Karakteristik di nomor pertama merupakan yang paling rawan terkena brainwash.  Umumnya mereka yang berusia 18-20 tahun adalah target.  Usia demikian adalah usia dewasa dini, merupakan periode penyesuaian diri terhadap pola-pola kehidupan baru dan sulit, sehingga dengan keadaan sulit tersebut, mereka mencoba memperpanjang ketergantungan dengan mempertahankan siswa atau mahasiswa.

Pada diskusi tersebut, kita memiliki narasumber, namanya adalah Dyan Kemala Arrizqi.  Jika dihubungkan dengan kasus yang terjadi, setali tiga uang.  Ia membenarkan bahwa, target brainwash tersebut umumnya memang berumur antara 18-20 tahun.

Ada beberapa teknik umum yang dilakukan brainwasher terhadap target.  Diantaranya adalah dengan teknik Confession.  Teknik ini dilakukan untuk menghancurkan ego individu melalui pengakuan bahwa dirinya lemah dan secara mendalam mengakui bahwa dirinya penuh keragu-raguan.  Kemudian Guilt & Feel of Guilt.  Yaitu satu teknik dengan tujuan memperkuat kebutuhan untuk “keselamatan” (kpd pihak brainwasher) dengan meningkatkan rasa berdosa/bersalah terhadap gaya hidup dan hal-hal yang berhubungan dengan waktu sebelumnya.  Artinya target dibuat merasa bersalah, merasa apa yang telah dilakukan diwaktu sebelumnya adalah kesalahan yang sangat besar dan tidak boleh diulangi dan di dekati sekalipun.

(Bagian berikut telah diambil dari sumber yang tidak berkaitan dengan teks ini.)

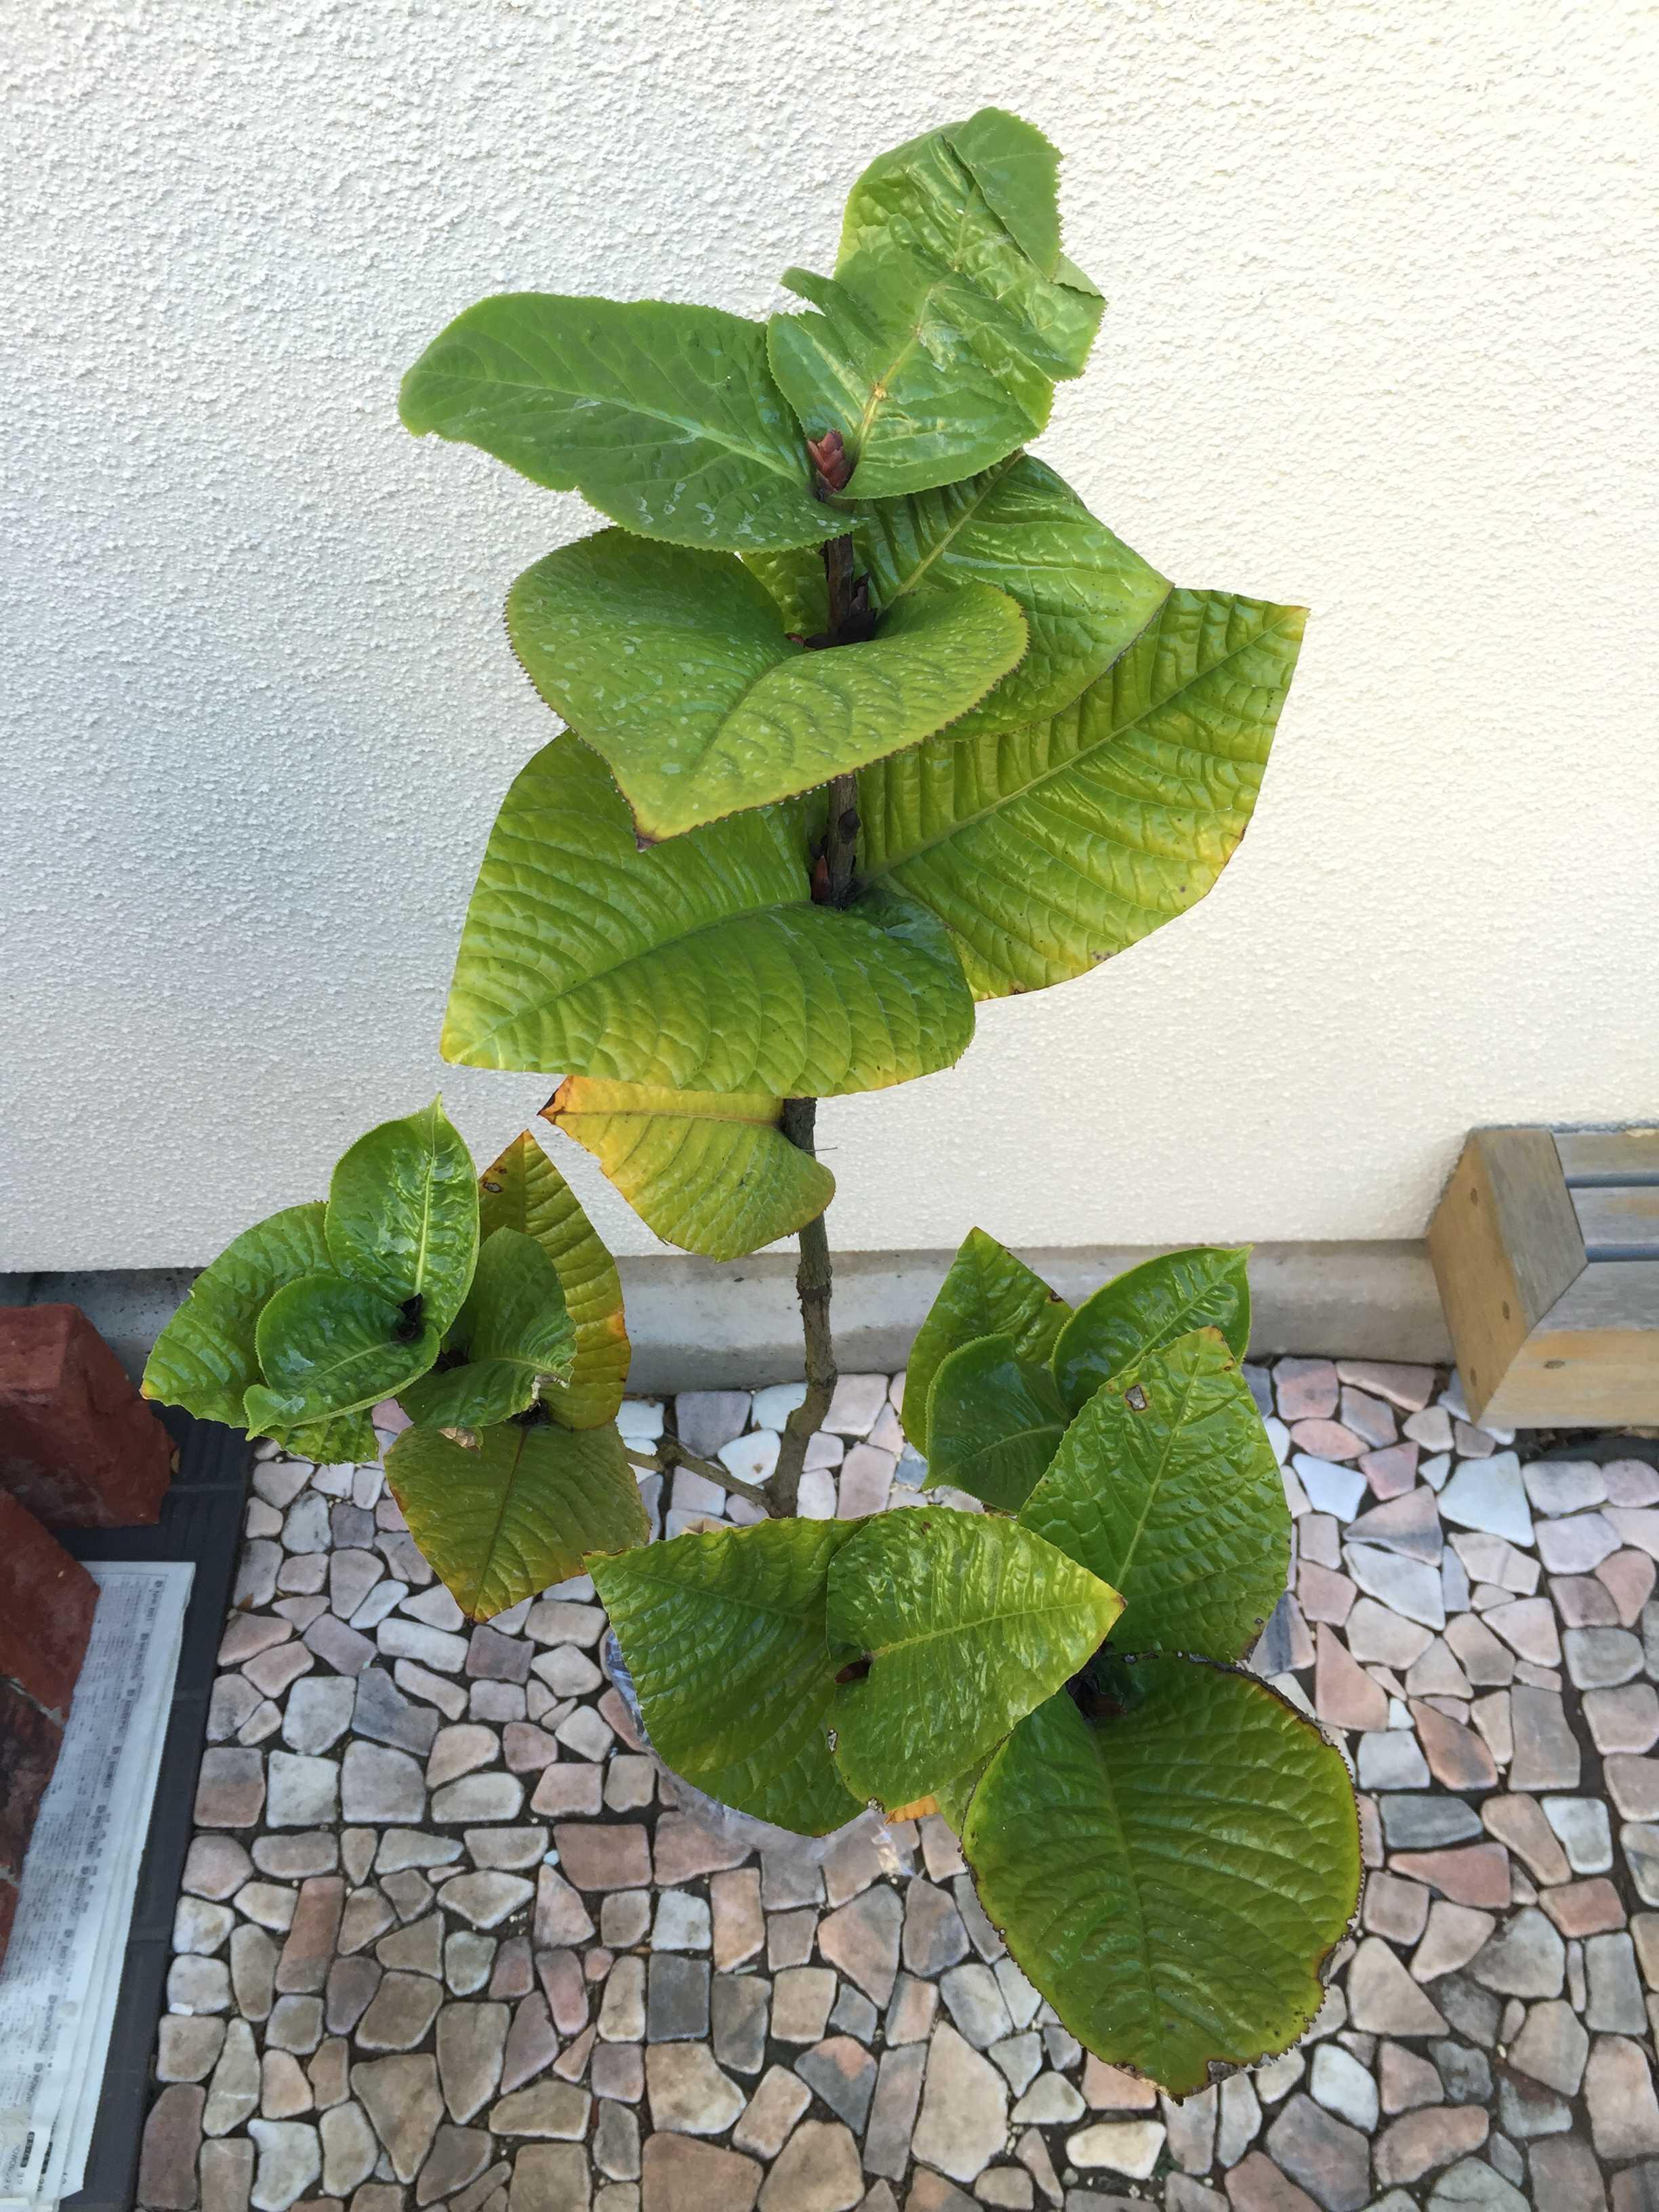 ベトナム原産の黄花椿「ムラウチィ」

Kemudian brainwasher juga memiliki langkah utama brainwash, yaitu dengan membuat target mengalami mental breakdown, mereka akan mengalami depresi berat dan disorientasi.  Mereka kehilangan pegangan realitas dan merasa benar-benar tersesat dan sendirian.

Jika brainwasher berhasil melakukan hal tersebut, akan terlihat dari langkah perubahan perilaku.  Target akan menjadi sadar bahwa ada kontrol dan ketergantungan terhadap orang lain, kemudian ia akan benar-benar tergantung, lalu akan menyebabkan konflik internal  serta gangguan pada pola perilaku sebelumnya, hingga ia merasa “menemukan” bahwa ada solusi  yang dapat diterima terhadap masalah yang dihadapi.  Jika sudah begitu brainwasher dan target hanya mereintegrasi nilai-nilai dan pengenalan terhadap sistem pengendalian.  Pada titik ini target siap dirampas, ia tidak paham dengan jelas siapa dia sebenarnya dan yang terjadi padanya.  Disnilah brainwasher menyiapkan tawaran untuk berpindah ke sesuatu yang ditawarkannya yang akan menyelamatkan target dari penderitaan.

Beberapa tips diberikan oleh beliau agar kita bisa bertahan dari brainwashing tersebut.
1.      Melawan “kontrol” dan kembangkan dorongan moril (semangat)
2.      Kenali tujuan realistik bagi diri
a.       Pribadi yang kuat
b.      Sikap tidak mudah menyerah sebagai prestasi
c.       Sikap realistik menyadari kelebihan dan keterbatasan diri
d.      Memiliki pengetahuan tentang brainwashing dan tujuannya
e.       Cara praktis mengenali tujuan spesifik brainwashing
f.       Mampu kendalikan tekanan dengan cara pelajari cara control reaksi diri terhadap tekanan yang spesifik.

Semoga bermanfaat.  Salam Satu Psikologi.